12851 1 00:14 [chrome zygote]
12858 12847 00:14 [chrome gpu-process]
...
The chrome tree stays alive indefinitely; etime keeps growing. Over a
typical multi-day developer session this accumulates to multiple orphan
trees, each holding 200–500 MB resident. On WSL with a fixed memory cap
this drives the VM toward swap. A pgrep -f 'ms-playwright/mcp-chrome' | xargs kill -9 reliably frees hundreds of MB at a time on real machines
that have only been doing normal browser-automation work.
Additional context
The watchdog
(packages/playwright-core/src/server/launchApp.ts and the bundled MCP watchdog
in coreBundle) currently registers handlers for:
process.on('SIGINT', …)
process.on('SIGTERM', …)
process.stdin.on('close', …)
It also schedules a 15-second hard exit:
setTimeout(() => process.exit(0), 15_000);
The exit paths this misses:
- Parent SIGKILL — no signal reaches the MCP server child, so neither
SIGINT nor SIGTERM fires. The classic detection is PPID polling (the
process is re-parented to PID 1, i.e. process.ppid === 1).
npx / npm exec intermediary — the standard MCP host config is
{ "command": "npx", "args": ["@playwright/mcp@latest"] }. The npx
wrapper sometimes swallows the stdin-close propagation, so even a
graceful host shutdown doesn't trigger stdin('close') in the
grandchild.
- Hard-exit timeout doesn't kill chrome. The 15s
setTimeout calls
process.exit(0) without invoking the kill set first. So even when the
watchdog does run, a slow gracefullyCloseAll() (which is what holds
it open past 15s in the first place) results in chrome being abandoned.

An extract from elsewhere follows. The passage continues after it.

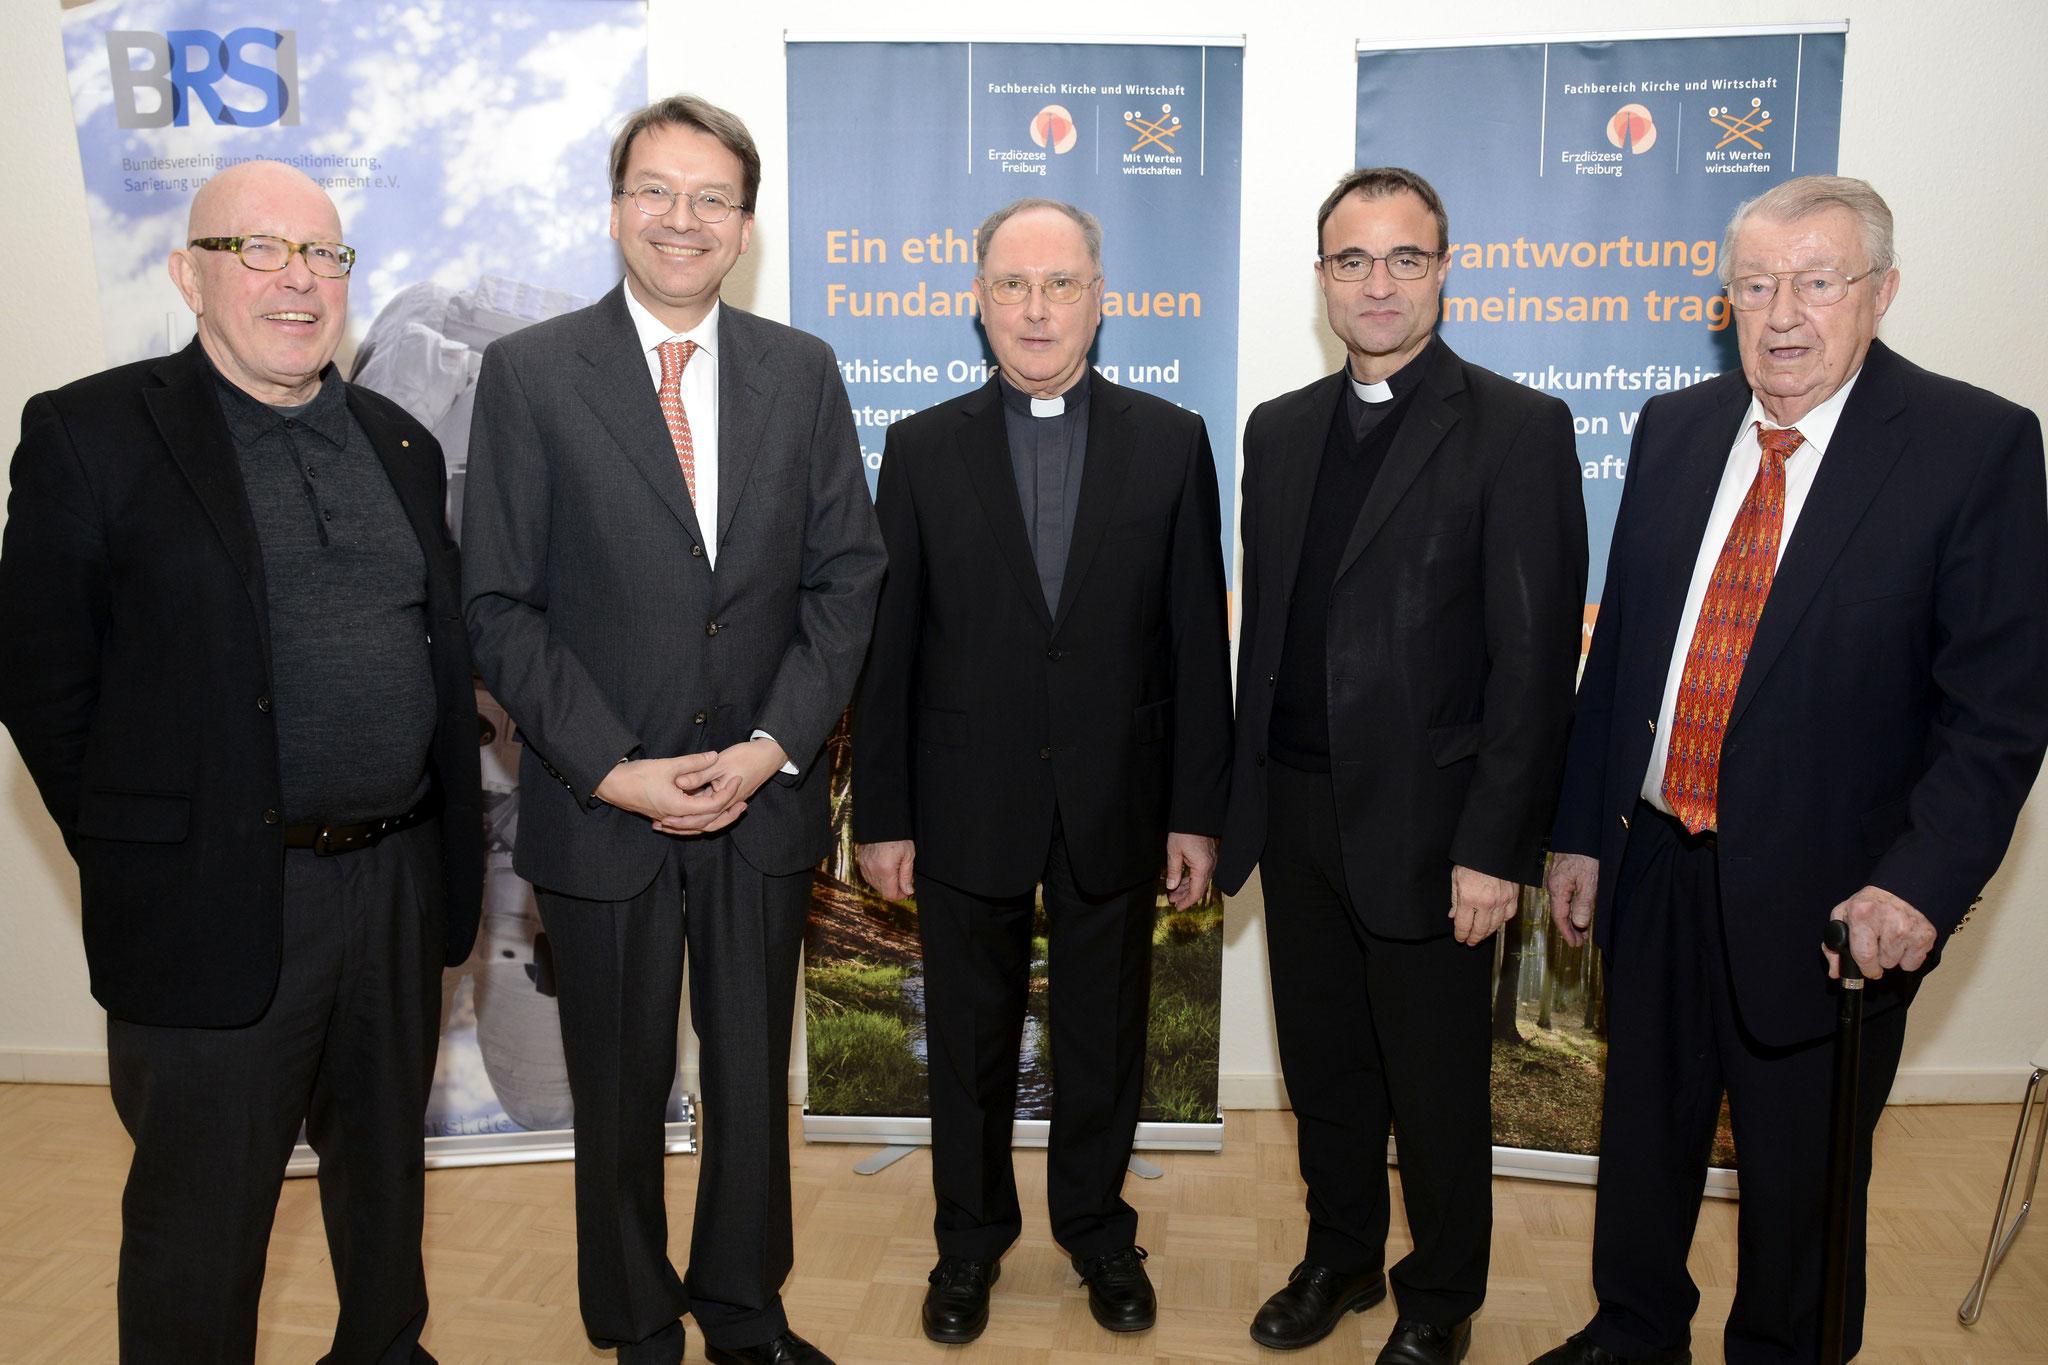 Dr. Dieter Körner (BRSI), Dr. Andreas Gröpl (Fachbereich Kirche und Wirtschaft Nordbaden), Dr. Axel Mehlmann (Generalvikar Freiburg),  Karl Jung (Stadtdekan des Dekanates Mannheim), Karl Miltner (Regierungspräsident a. D.), Bild Copyright Helmut G. Roos

There are two prior reports of essentially the same bug, both closed as
"no repro":
I think the "no repro" closures happened because the bug doesn't appear on
Playwright's own CI matrix (clean spawn, clean SIGTERM on teardown). It
only appears with a real-world MCP host setup where (a) the host can die
without sending SIGTERM and (b) there's typically an npx/npm exec
intermediary in the spawn chain. The script above produces it
deterministically.
Environment
System:
OS: Linux 6.18 Ubuntu 24.04.4 LTS 24.04.4 LTS (Noble Numbat)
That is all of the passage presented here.